- _TASK REQUIREMENTS_
Copy down every line of the data that follows exactly. Omit the pictures.
Start of RECORDED INFORMATION
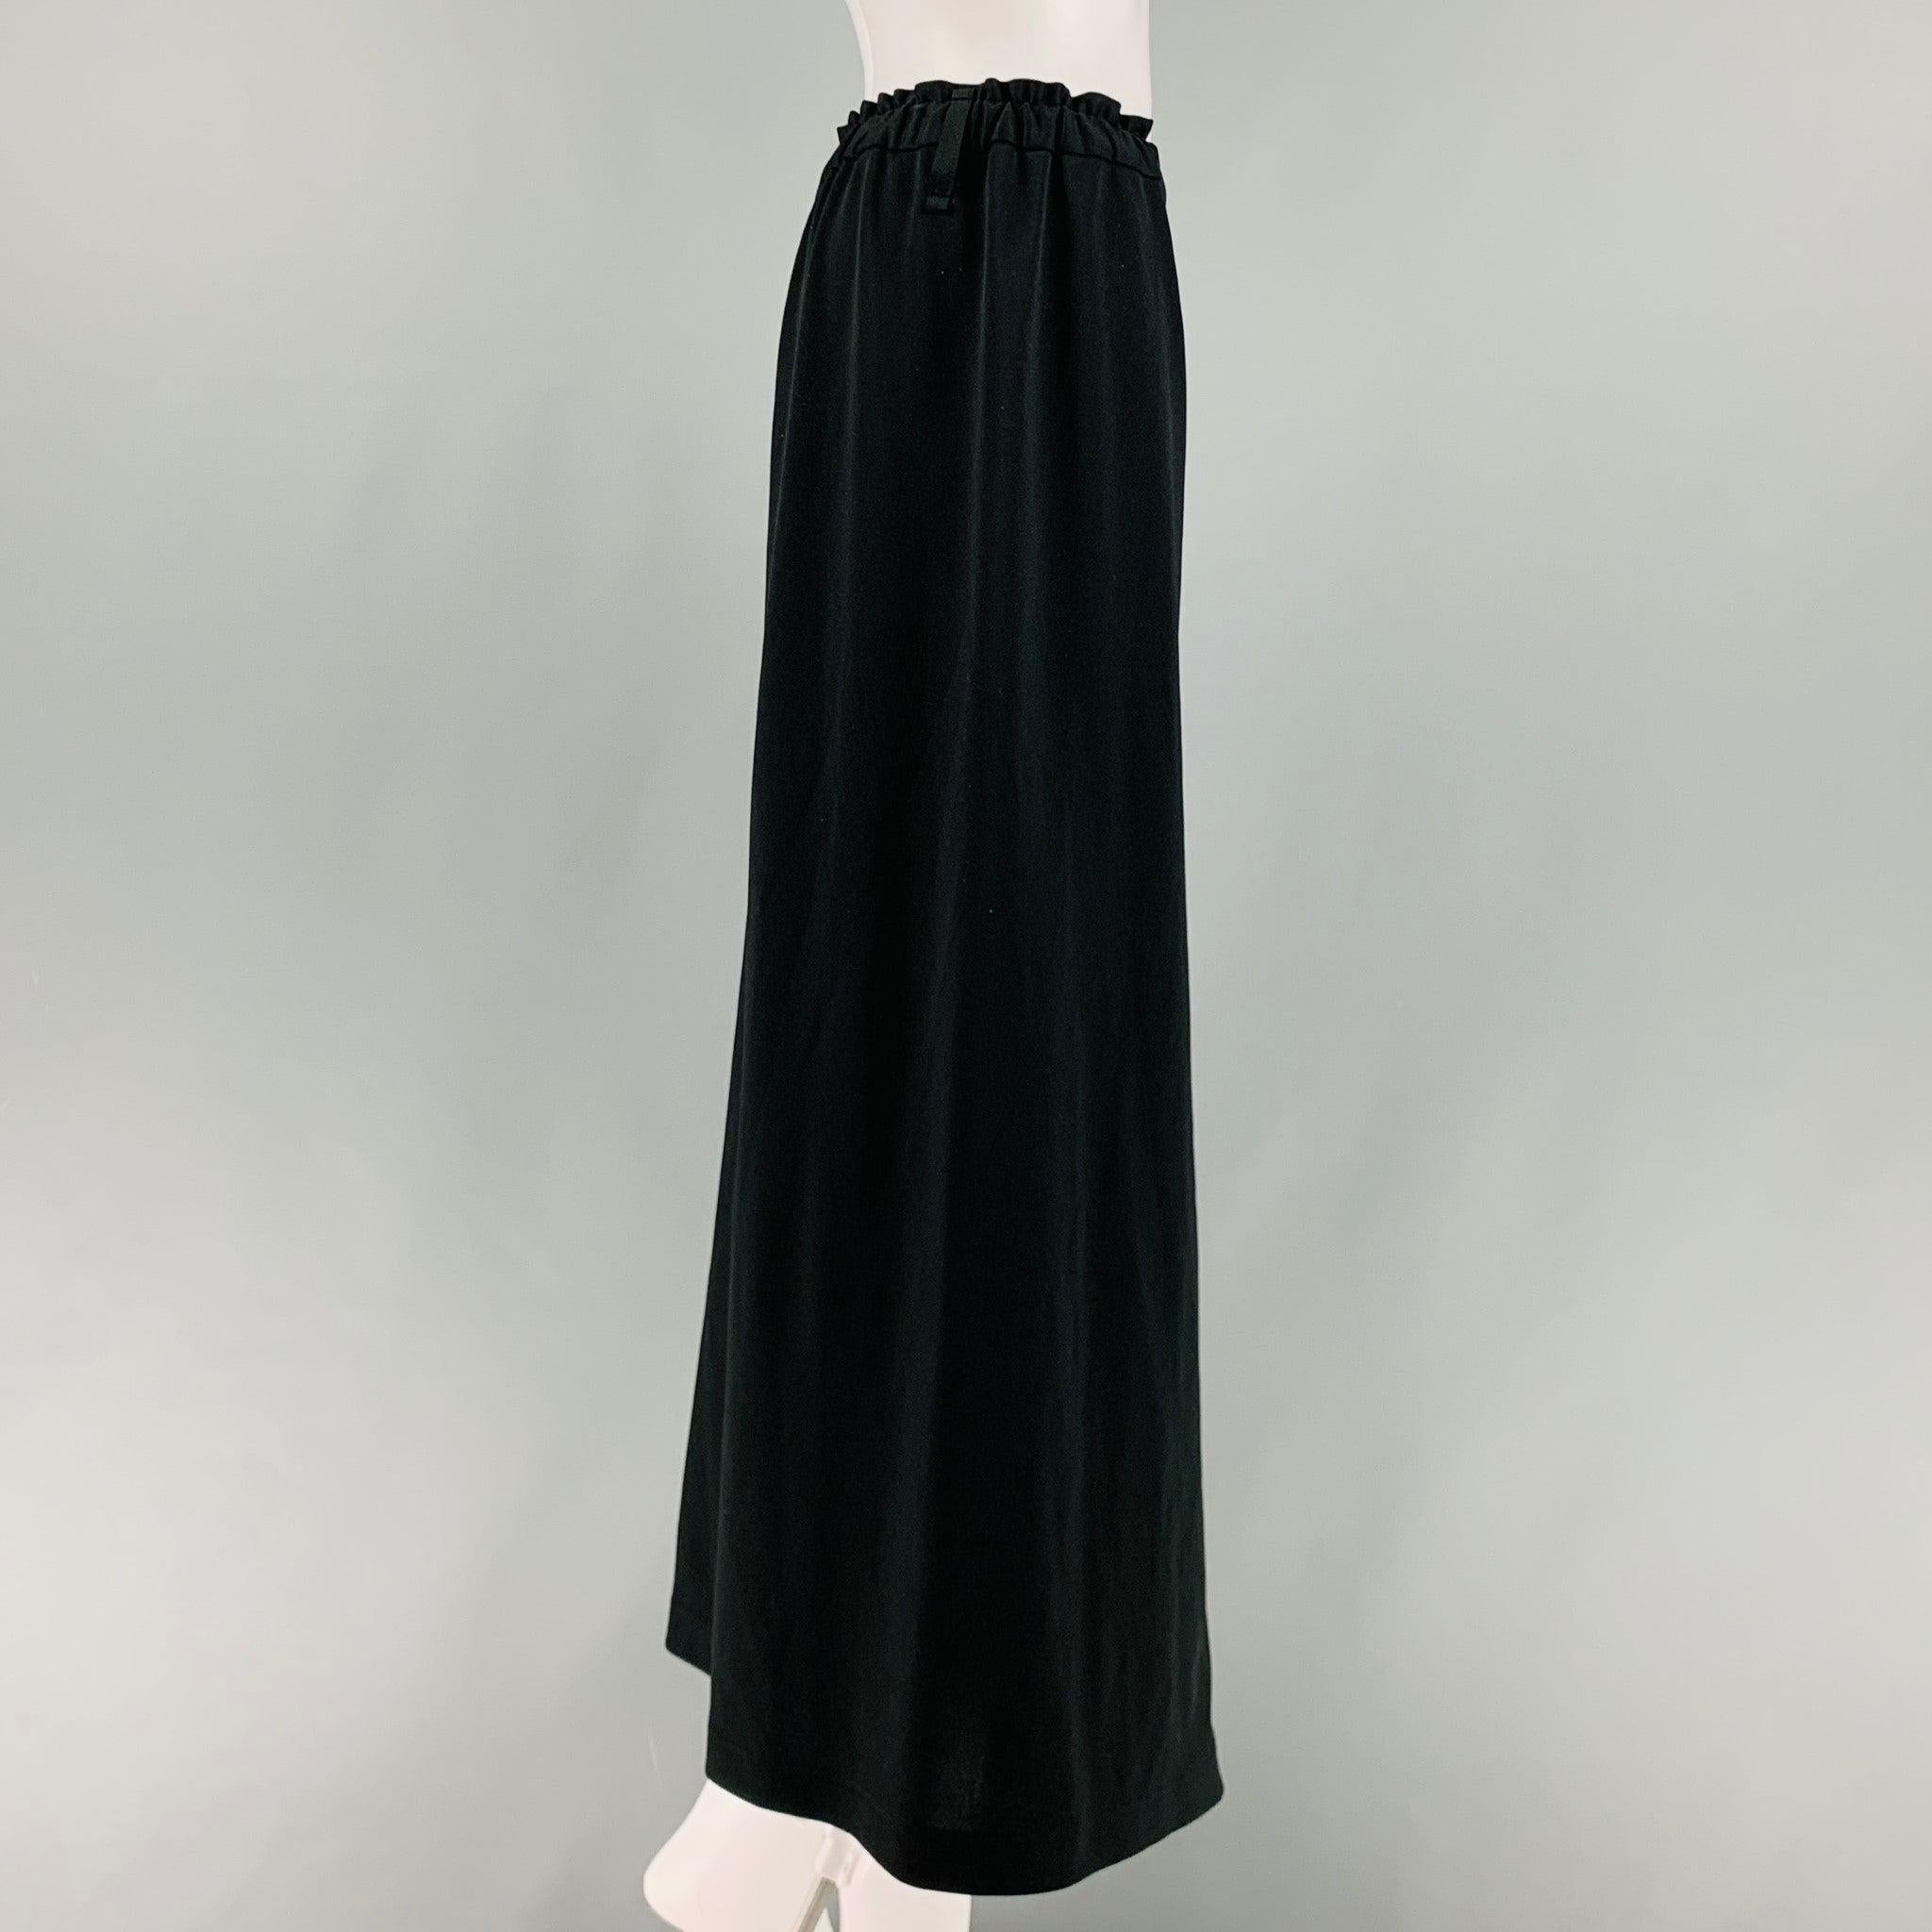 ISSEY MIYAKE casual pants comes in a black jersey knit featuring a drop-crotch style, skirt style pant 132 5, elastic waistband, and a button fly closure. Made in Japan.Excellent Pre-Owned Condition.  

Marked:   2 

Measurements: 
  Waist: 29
End of RECORDED INFORMATION
- _ANSWER FOR THE TASK_
 ISSEY MIYAKE casual pants comes in a black jersey knit featuring a drop-crotch style, skirt style pant 132 5, elastic waistband, and a button fly closure. Made in Japan.Excellent Pre-Owned Condition.  

Marked:   2 

Measurements: 
  Waist: 29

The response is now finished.